От лабухов, наяривающих бешеную хору (хора — это такой быстрый танец для людей, считающих, что жизнь коротка и не следует делать из этого трагедию), моя память следует дальше и поочередно встречается со всеми соседями.
Прежде всего с Вахтами.
Старого Вахта звали Вэйвэл Соломонович, а старуху Вахт все звали просто Ривой. По Вэйвэлу Соломоновичу можно было сразу сказать, что в его жизни давно и прочно первое место среди увлечений заняло столовое вино. По этой причине Вэйвэл ходил с палочкой — суставчатой дешевой тростью, сделанной из вишни и покрытой красноватым грубым лаком. Эта трость появилась у Вахта после того, как однажды зимой, посетив винный погреб Мош Бордея — это имя переводится с местного наречия — Деда Погреба, Вахт ушел куда-то в город, там еще пил, потом упал и сломал себе ногу. Вэйвэл Вахт высок, сутул, как это бывает с высокими, костляв, как это бывает с сутулыми, горбонос, как это бывает с многими в этой местности, серовато-сед и ворчлив. По-своему пижонист, как это бывает с людьми его поколения. На Вэйвэле Соломоновиче я помню старенький, но всегда тщательно вычищенный пиджачок, а брюки слегка коротковаты, но тоже — всегда идеально отутюжены. Вахт делает это старым, тяжелым, ржавым утюгом. Да, и — туфли. Еще помню его туфли. Отчаянно нагуталиненные.
Сейчас это практически все, что стоит сказать о Вэйвэле Вахте. Остальное он расскажет о себе сам.

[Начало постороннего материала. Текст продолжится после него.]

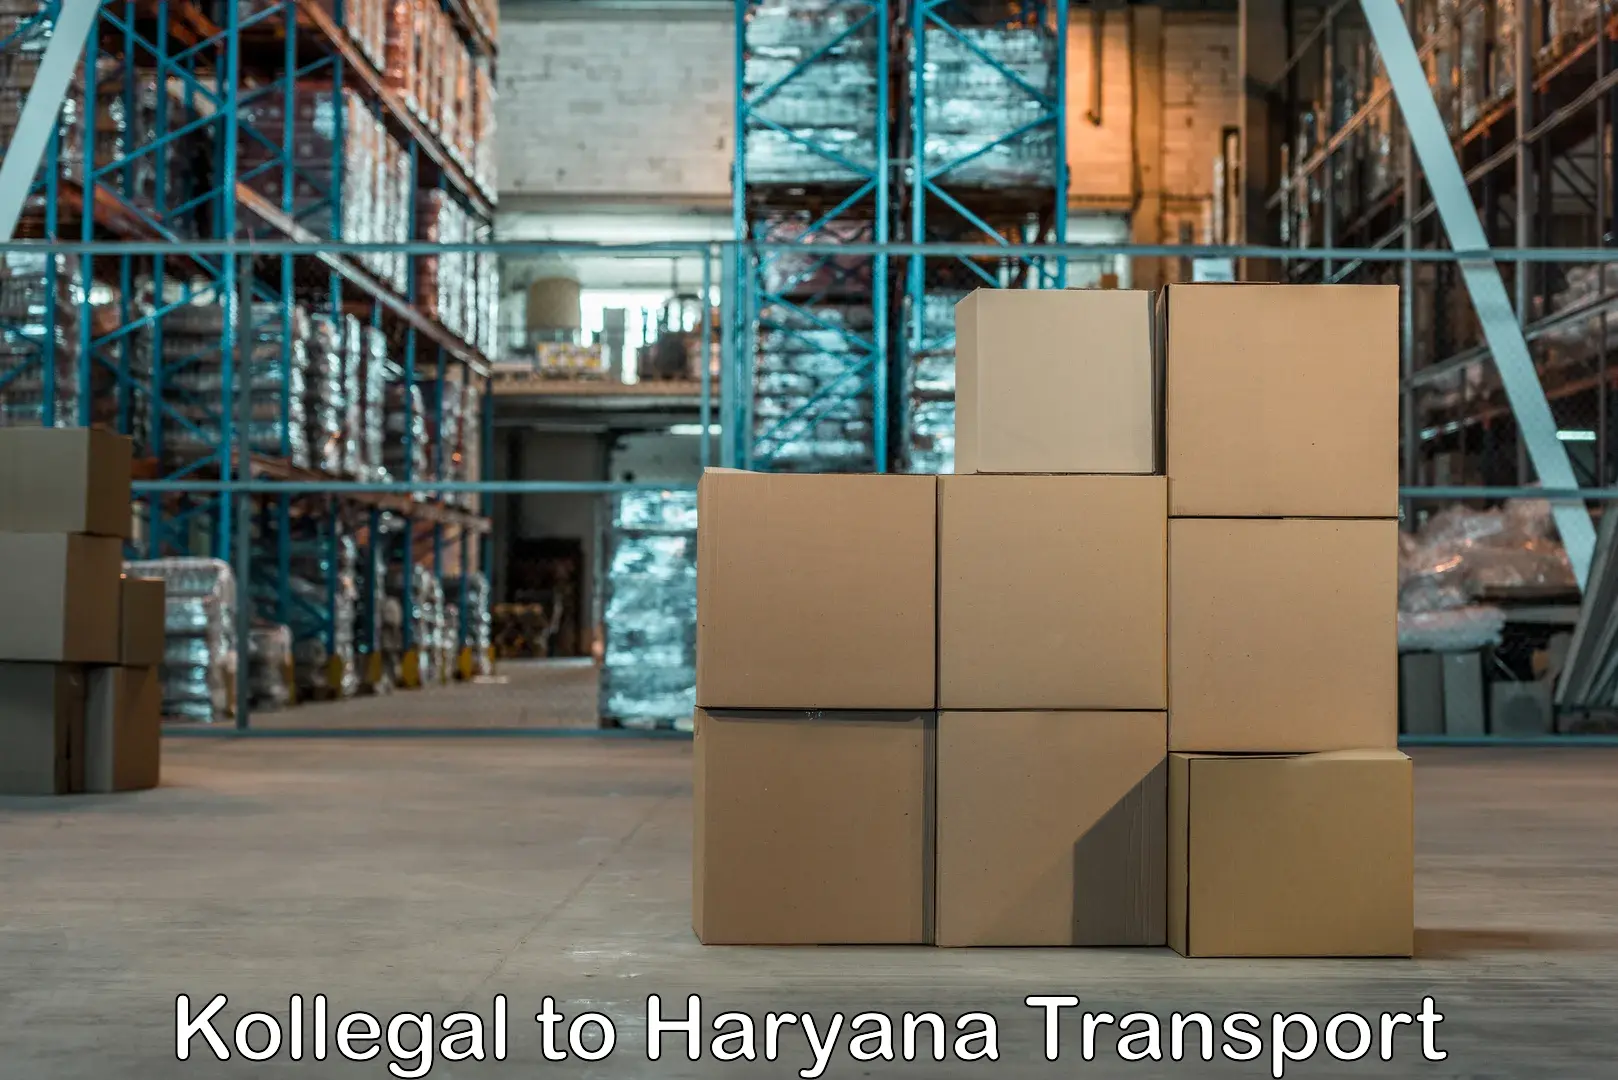 Transport shared services Kollegal to Haryana

Начнет рассказывать — не остановишь.
Да. Парадные туфли Вахта производили на меня большое впечатление, когда я был маленьким. И особенно в солнечный день. В них отражался весь — мой тогдашний — мир. Мне казалось, что, когда Вахт ходит, в его туфлях отражаются деревья, и небо, и голуби, которые в те времена всегда летали в небе. Да, и вот что я вспомнил: такое состояние туфель Вахта тесно связано с днем субботним.

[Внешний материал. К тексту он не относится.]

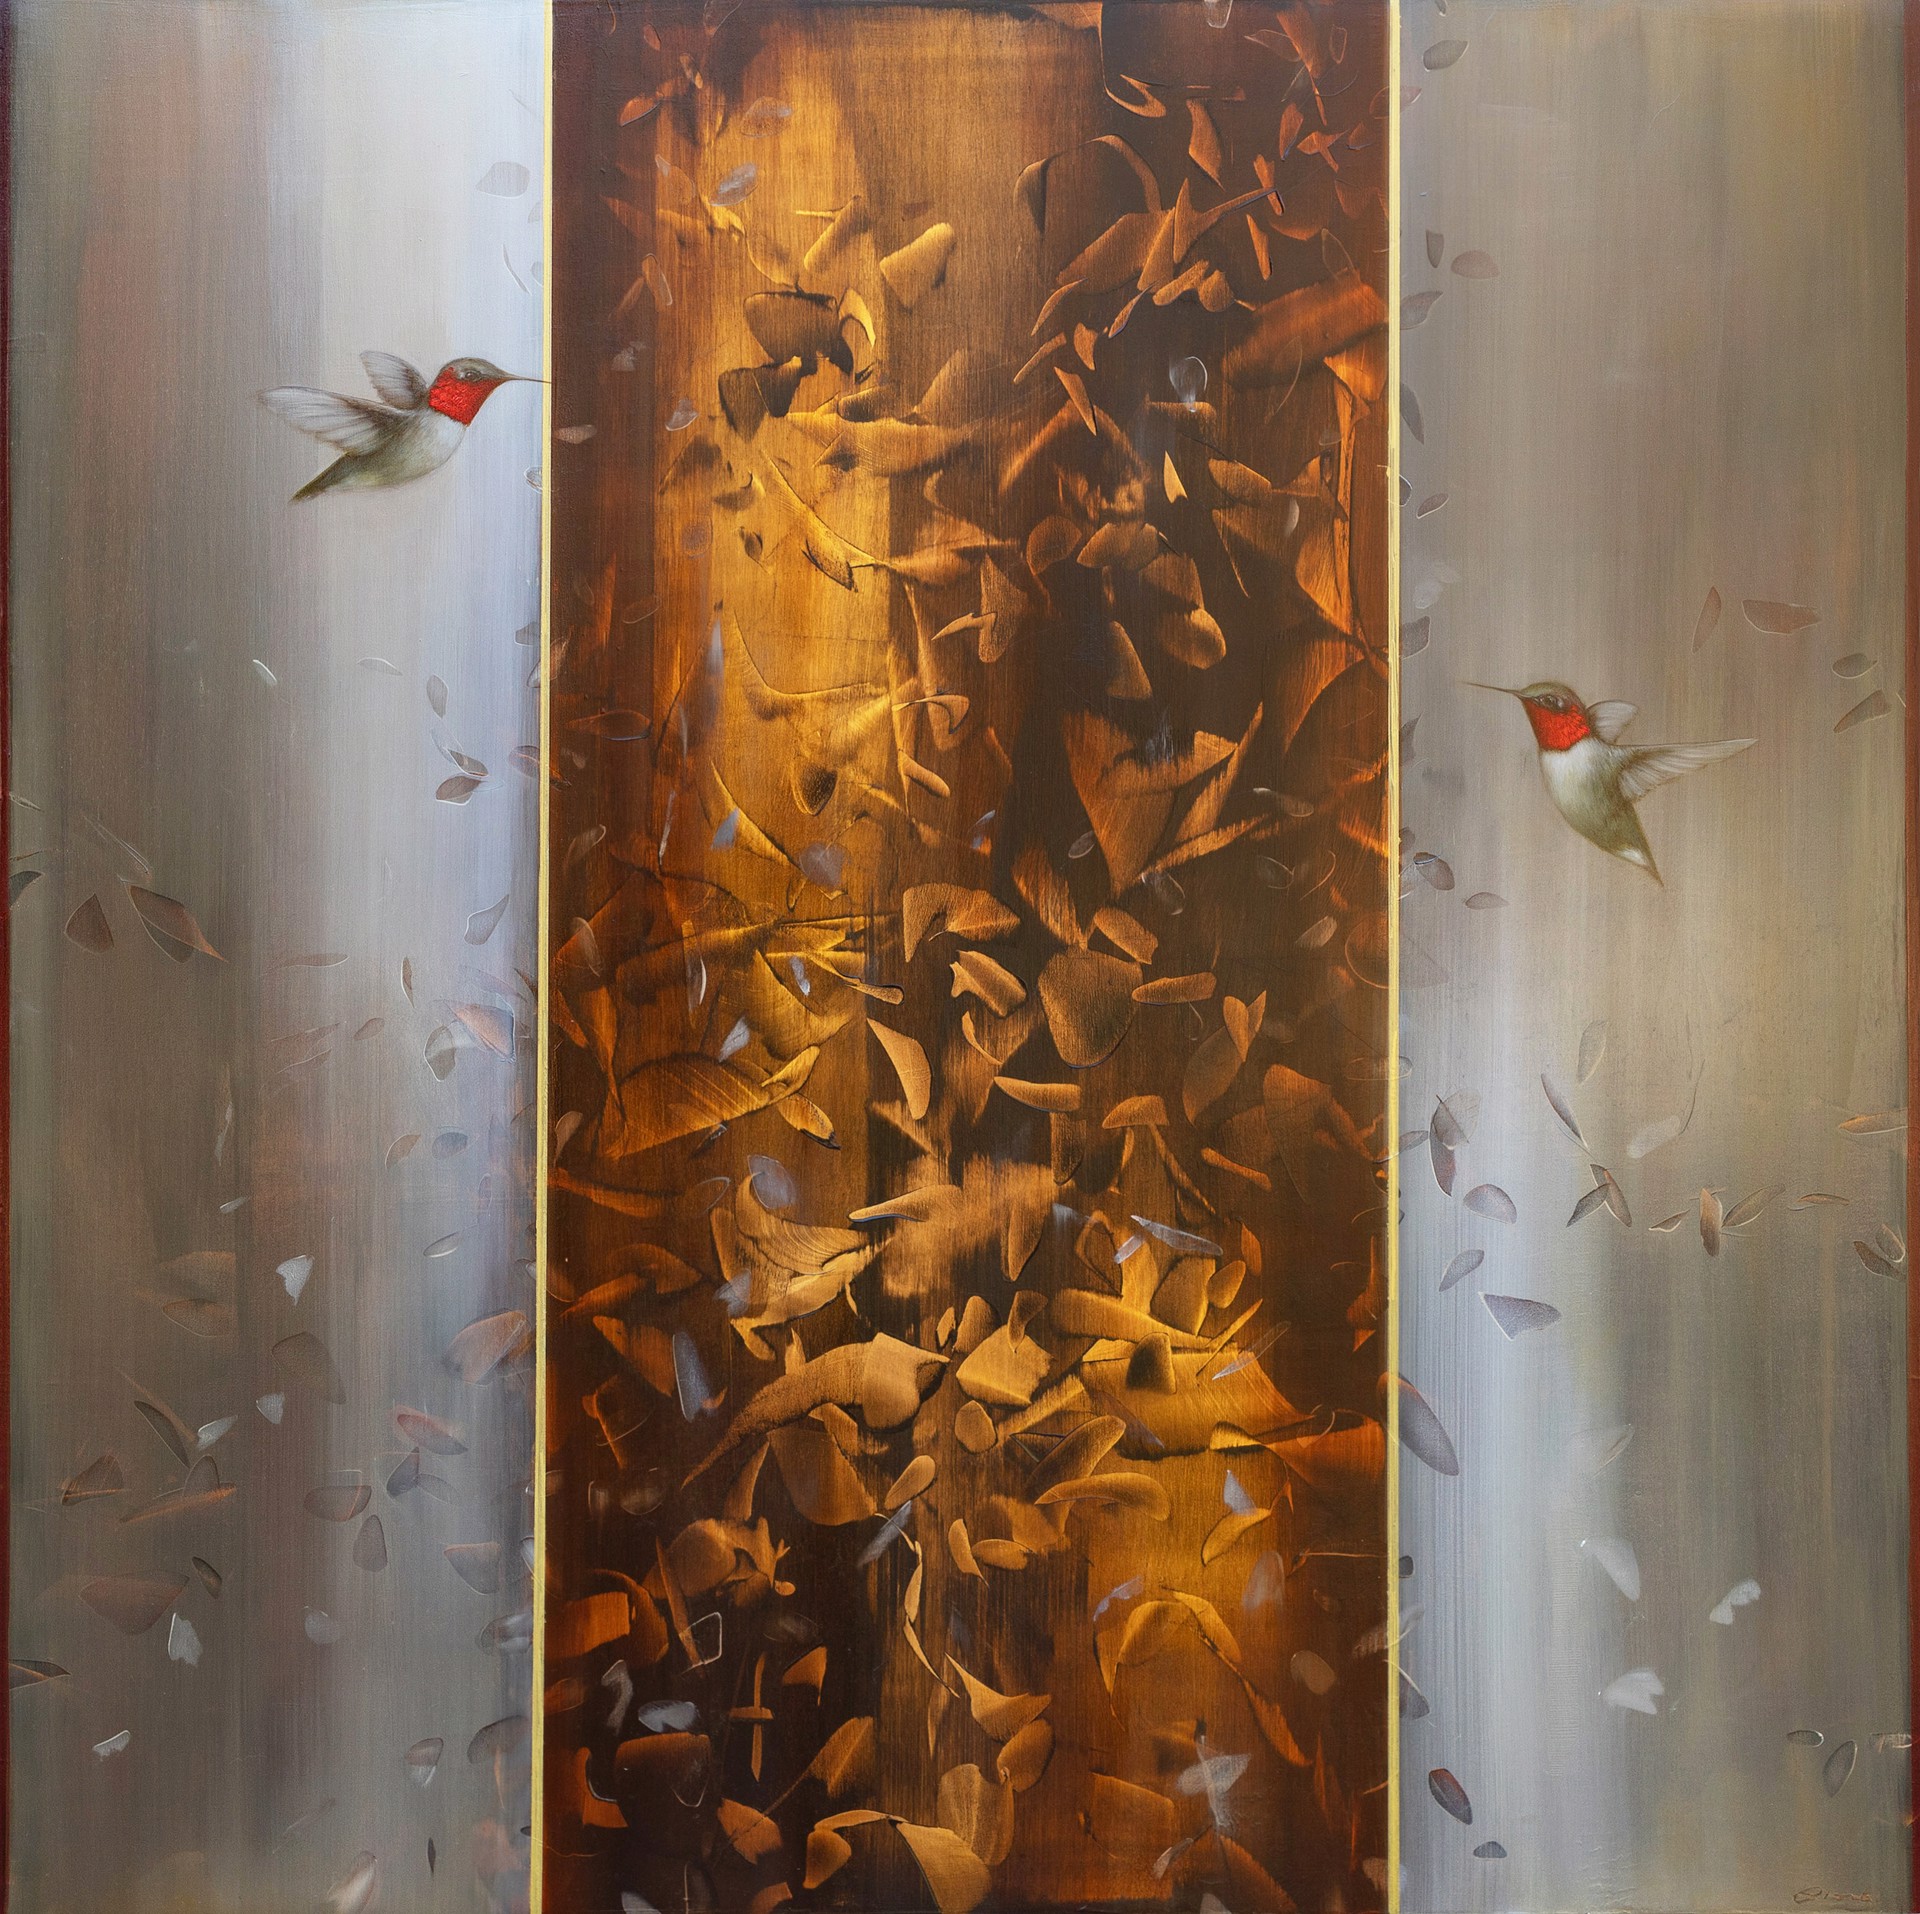 Waterfall of Gold by Jessica Pisano

Утром дня субботы Вахт просыпался растерзанный и, отмахиваясь от кошмаров вечера пятницы, сразу бросался на кухню, где принимал стаканчик розового. Настроение Вэйвэла Соломоновича исправлялось прямо на глазах. Он съедал в качестве закуски одну большую редиску и улыбался. Потом выходил на порог и включал электробритву. Она называлась «Харькiв», была примитивная, очень массивная, как это часто бывает со всем примитивным, и имела длинный, жутко путающийся сам в себе крученый шнур. Машинка, как это полагается примитивным моделям, громко гудела. И еще — переливалась на солнце. Если дело происходило, например, летом, наглое южное солнце влезало в зеркало Вахта — круглое старое зеркальце с ручкой, и по всему двору тогда разлетались солнечные зайчики.
После бритья Вахт несколько раз громко дул в машинку — выдувал из нее седые волосы, потом уходил на минуту в дом и снова появлялся на пороге — уже с флаконом одеколона. Вэйвэл обильно, причмокивая от удовольствия синеватыми губами, дезинфицировал щеки и шею — одеколоном «Русский лес». В чем был определенный цинизм. Как теперь мне кажется.
Потом Вахт надевал накрахмаленную белую рубашку, с запонками. Старый шелковый галстук, расцветки такой, о которой можно сказать, что такую не носят уже лет тридцать и вот-вот начнут снова носить — галстук был бархатно-красный, с желтым и черным. Пиджачок, штаны и — туфли, яростно начищенные с вечера.
Потом, нагнувшись — осторожно и не слишком резво, как это делают энтузиасты столового розового, — Вэйвэл проходился разок-другой бархоткой по носам туфель. Брал трость, прихрамывая, проходился по двору и наконец уходил, сказав Риве, вышедшей его провожать на порог:
— Я иду в синагогу! — громко и отчетливо.
— Скажи ребе, я умираю, — громко говорит в ответ Рива. — Пусть придет!
— Не морочь ребе голову, — жестоко отвечает ей Вахт. — Когда сдержишь слово, придет.